- Baotian Dong and Miao Ethnic Township Location in Hunan
- Coordinates: 27°01′24″N 109°40′00″E﻿ / ﻿27.02333°N 109.66667°E
- Country: People's Republic of China
- Province: Hunan
- Prefecture-level city: Huaihua
- County: Huitong County

Area
- • Total: 64.56 km^{2} (24.93 sq mi)

Population (2019)
- • Total: 10,008
- • Density: 155.0/km^{2} (401.5/sq mi)
- Time zone: UTC+08:00 (China Standard)
- Postal code: 418302
- Area code: 0745

Chinese name
- Simplified Chinese: 宝田侗族苗族乡
- Traditional Chinese: 寶田侗族苗族鄉

Standard Mandarin
- Hanyu Pinyin: Bǎotián Dòngzú Miáozú Xiāng

= Baotian Dong and Miao Ethnic Township =

Baotian Dong and Miao Ethnic Township (宝田侗族苗族乡) is an ethnic township in Huitong County, Hunan, China. As of the 2019 census it had a population of 10,008 and an area of 64.56 km2.

==Administrative division==
As of 2023, the township is divided into six villages:
- Baotian (宝田村)
- Wangtian (旺田村)
- Wengliao (翁料村)
- Sanxi (三溪村)
- Bingxi (炳溪村)
- Liandao Miaozhai (连道苗寨村)

==History==
It was known as Xinbao Township (新宝乡) during the Republic of China.

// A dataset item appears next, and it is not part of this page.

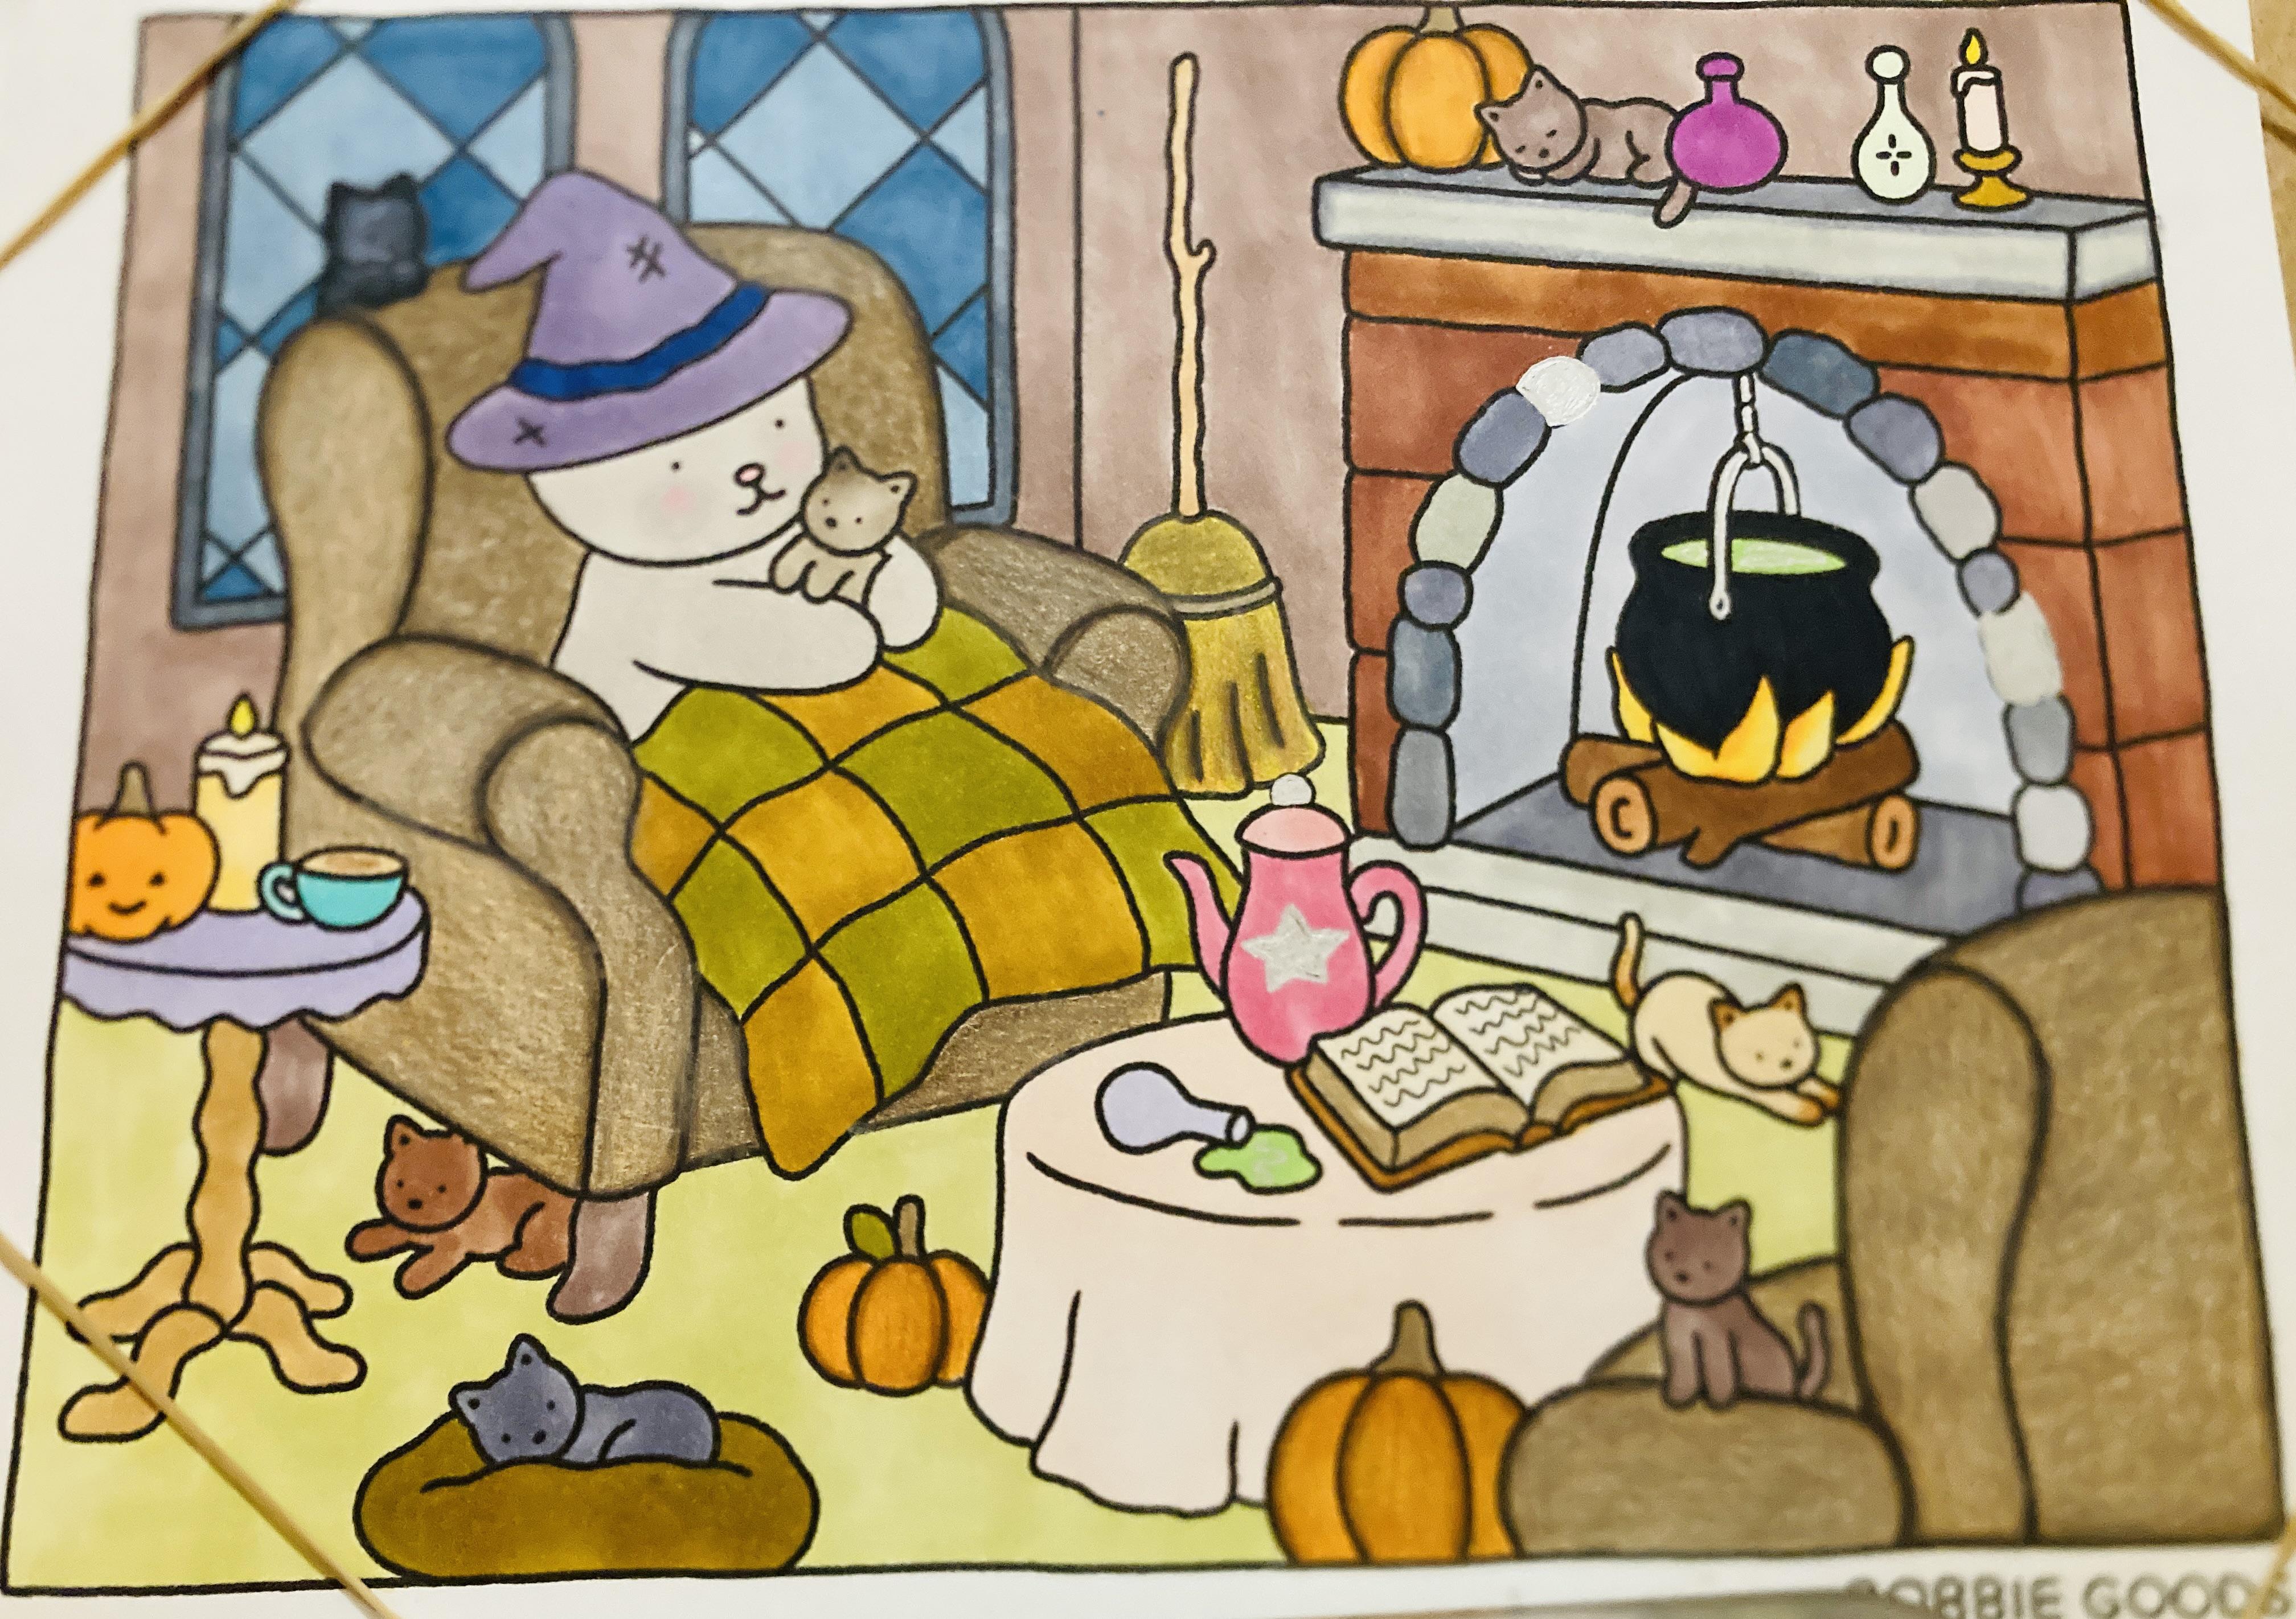 Bobbie goods halloween pdf i love the kitties ðâ i used copics and ohuhu alcohol markers colored pencils for shading rcoloring

After the establishment of the Communist State, in 1950, it came under the jurisdiction of the 3rd District of Huitong County. It was renamed Pingcun District (坪村区) in June 1955 and renamed again Baotian Township (宝田乡) a year later. In September 1958, it was changed to Baotian People's Commune (宝田人民公社). In May 1984 it reverted to its former name of Baotian Township. In October 1997, Baotian Dong and Miao Ethnic Township was officially formed.

==Geography==
Baotian Dong and Miao Ethnic Township is located on the northwest of Huitong County. It is surrounded by Hongjiang on the north and west, Langjiang Town and Mobin Dong and Miao Ethnic Township on the southwest, Ma'an Town on the east, and Pingcun Town on the southeast.

The highest point in the township is Yanyingpo (岩鹰坡) which stands 840 m above sea level. The lowest point is Zhangjiachong (张家冲), which, at 212 m above sea level.

==Economy==
The economy of the township is supported primarily by agriculture. The region abounds with antimony.

==Demographics==
As of 2019, the National Bureau of Statistics of China estimates the township's population now to be 10,008.

==Culture==
In 2009, the traditional folk program "Playing Drums and Hoeing Tea" (打鼓锄茶) in the township was listed as a provincial-level intangible cultural heritage by the Hunan Provincial People's Government.